If instead you release weekly, one release a year still crashes the machine but the user sees 51 releases a year which don’t. Less than 2% of your releases screw up.
Yes I’m talking about batch size. Software development works best in small batch sizes. (Don Reinertsen has some figures on batch size in The Principles of Product Development Flow which also support the diseconomies of scale argument.)
Ok, there are a few places where software development does exhibit economies of scale but on most occasions diseconomies of scale are the norm.
This happens because each time you add to software work the marginal cost per unit increases:
Add a fourth team member to a team of three and the communication paths increase from 3 to 6.
Add one feature to a release and you have one feature to test, add two features and you have 3 tests to run: two features to test plus the interaction between the two.
In part this is because human minds can only hold so much complexity. As the complexity increases (more changes, more code) our cognitive load increases, we slow down, we make mistakes, we take longer.
(Economies of scope and specialisation are also closely related to economies of scale and again on the whole, software development has diseconomies of scope (be more specific).)

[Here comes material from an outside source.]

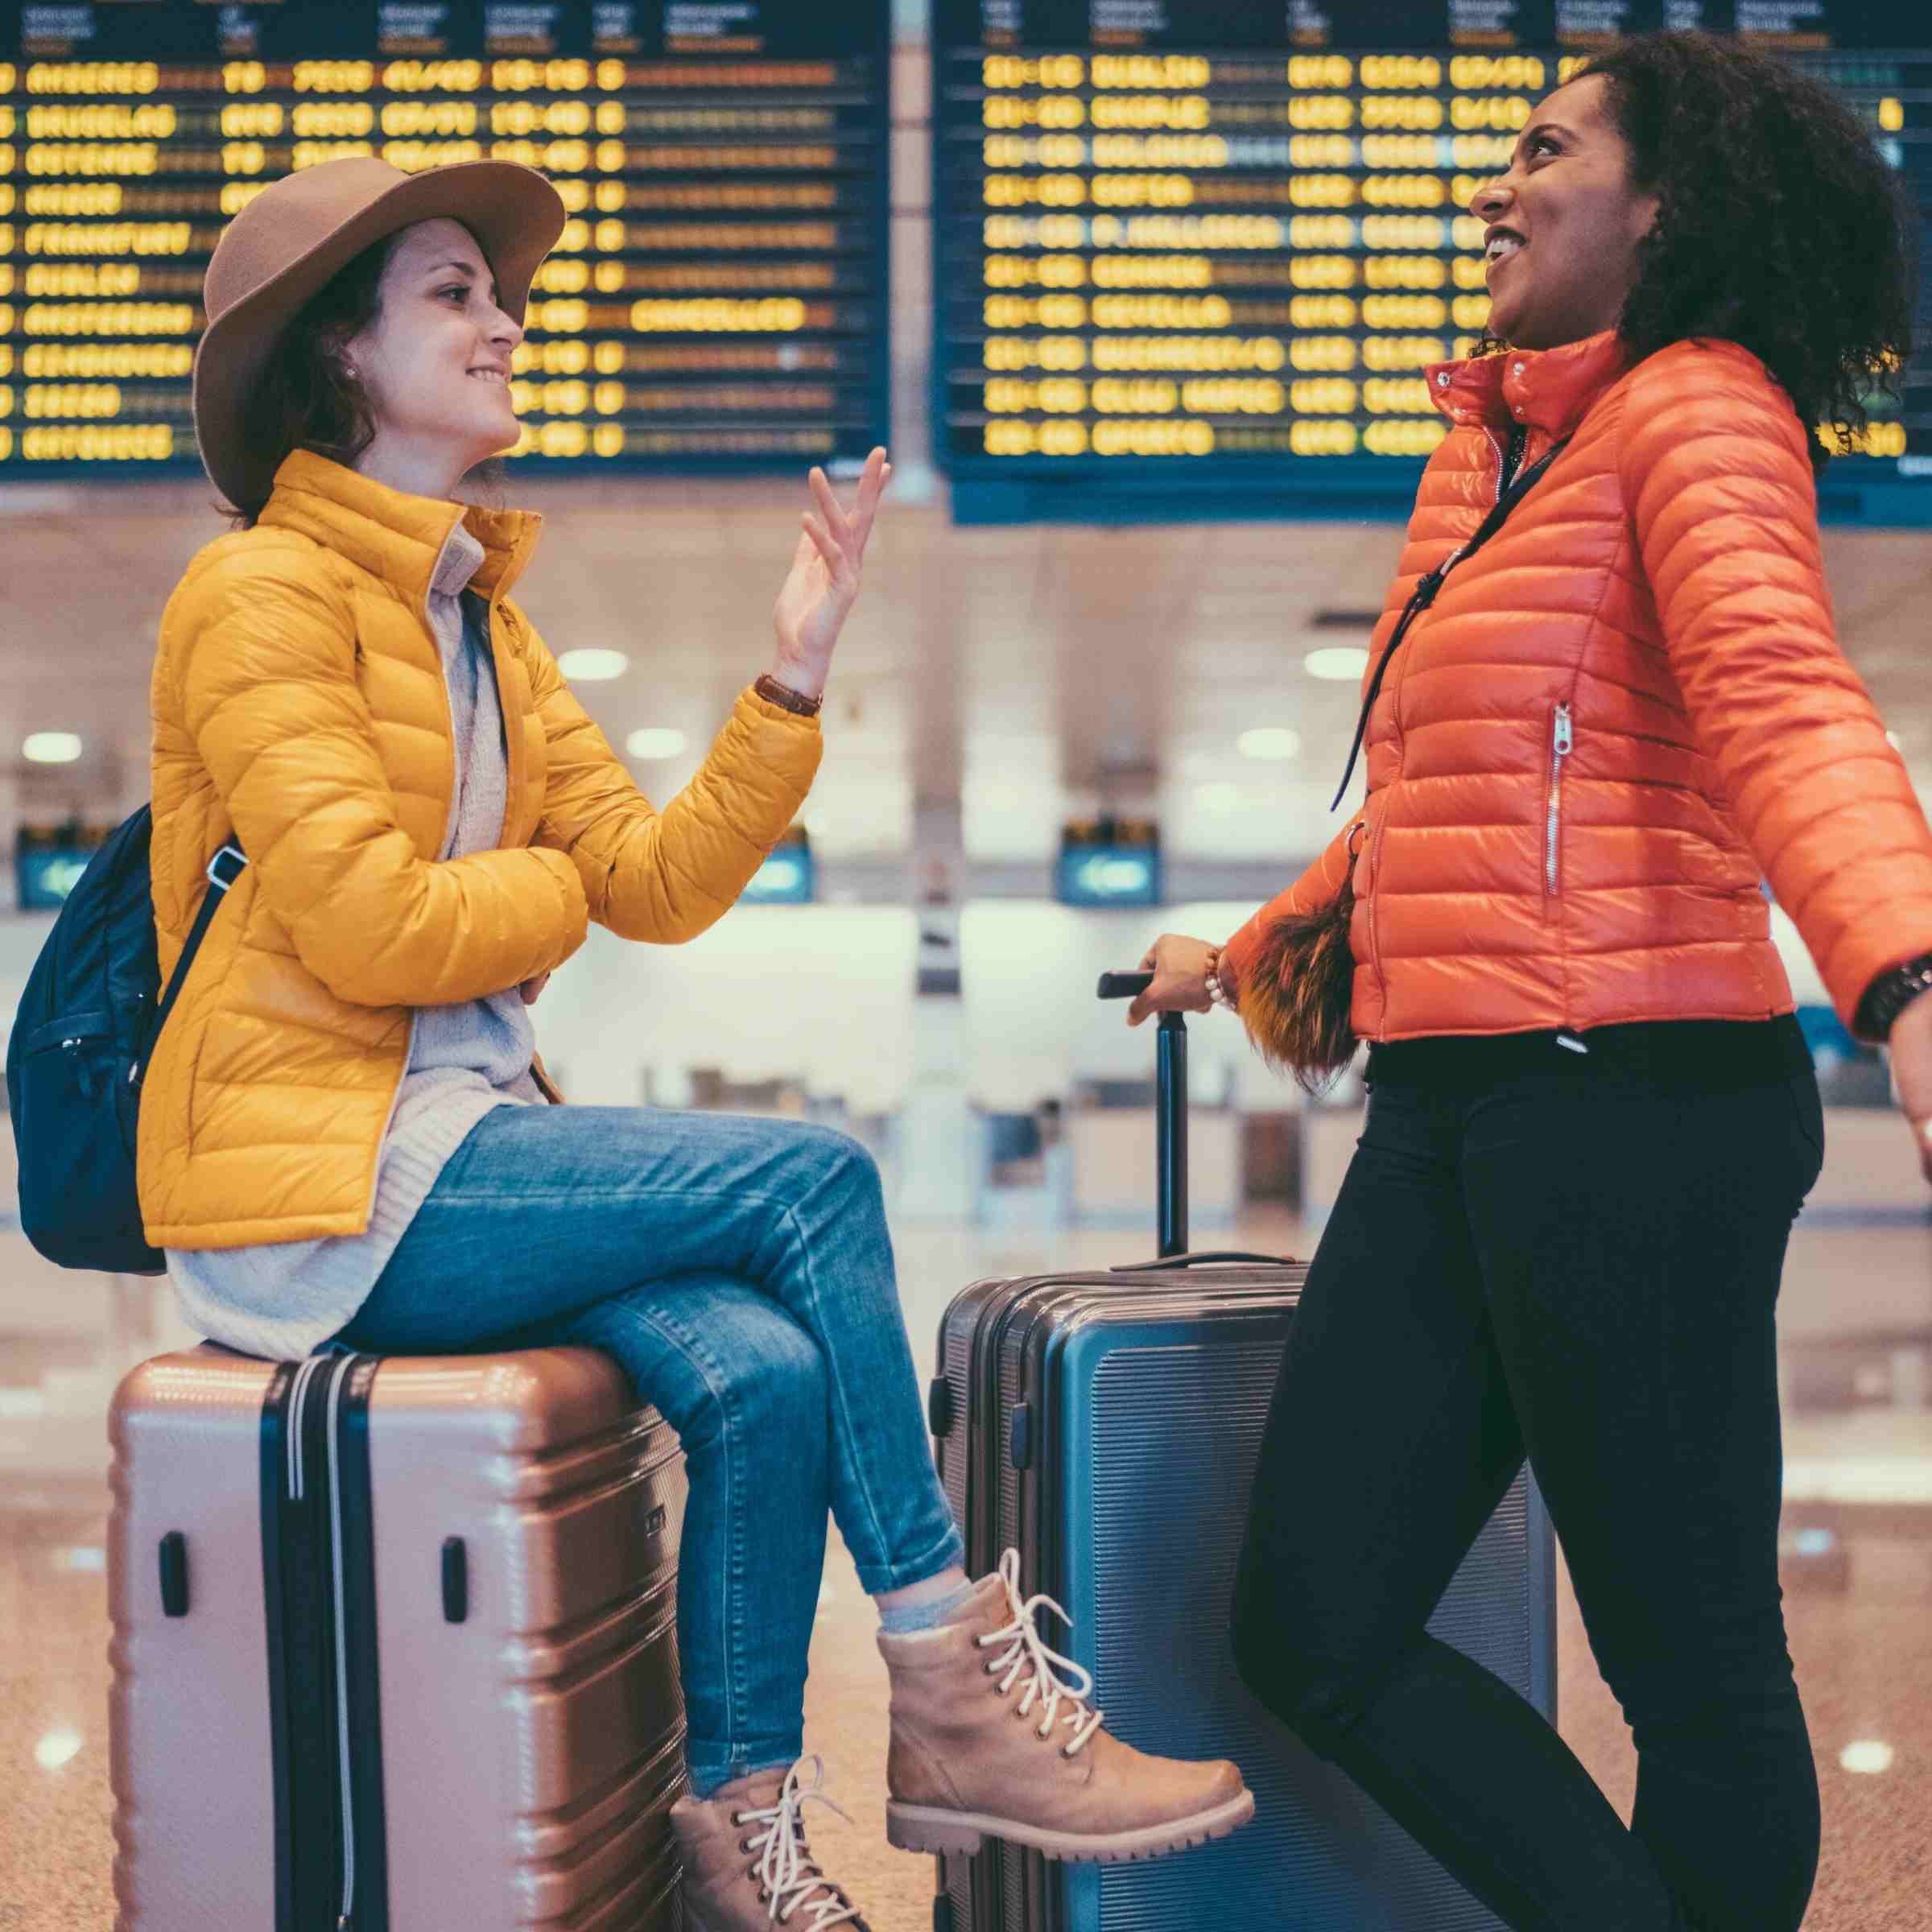 Girls At Airport

However be careful: once the software is developed then economies of scale are rampant. The world switches. Software which has been built probably exhibits more economies of scale than any other product known to man. (In economic terms the marginal cost of producing the first instance are extremely high but the marginal costs of producing an identical copy (production) is so close to zero as to be zero, Ctrl-C Ctrl-V.)
What does this all mean?
Firstly you need to rewire your brain, almost everyone in the advanced world has been brought up with economies of scale since school. You need to start thinking diseconomies of scale.
Second, whenever faced with a problem where you feel the urge to go bigger run in the opposite direction, go smaller.
Third, take each and every opportunity to go small.
Four, get good at working in the small, optimise your processes, tools, approaches to do lots of small things rather than a few big things.
Fifth, and this is the killer: know that most people don’t get this at all. In fact it’s worse…
In any existing organization, particularly a large corporation, the majority of people who make decisions are out and out economies of scale believers. They expect that going big is cheaper than going small and they force this view on others — especially software technology people. (Hence Large companies trying to be Agile remind me of middle aged men buying sports cars.)
Many of these people got to where they are today because of economies of scale, many of these companies exist because of economies of scale; if they are good at economies of scale they are good at doing what they do.
But in the world of software development this mindset is a recipe for failure and under performance. The conflict between economies of scale thinking and diseconomies of scale working will create tension and conflict.
Originally posted in October 2015 and can also be found in Continuous Digital.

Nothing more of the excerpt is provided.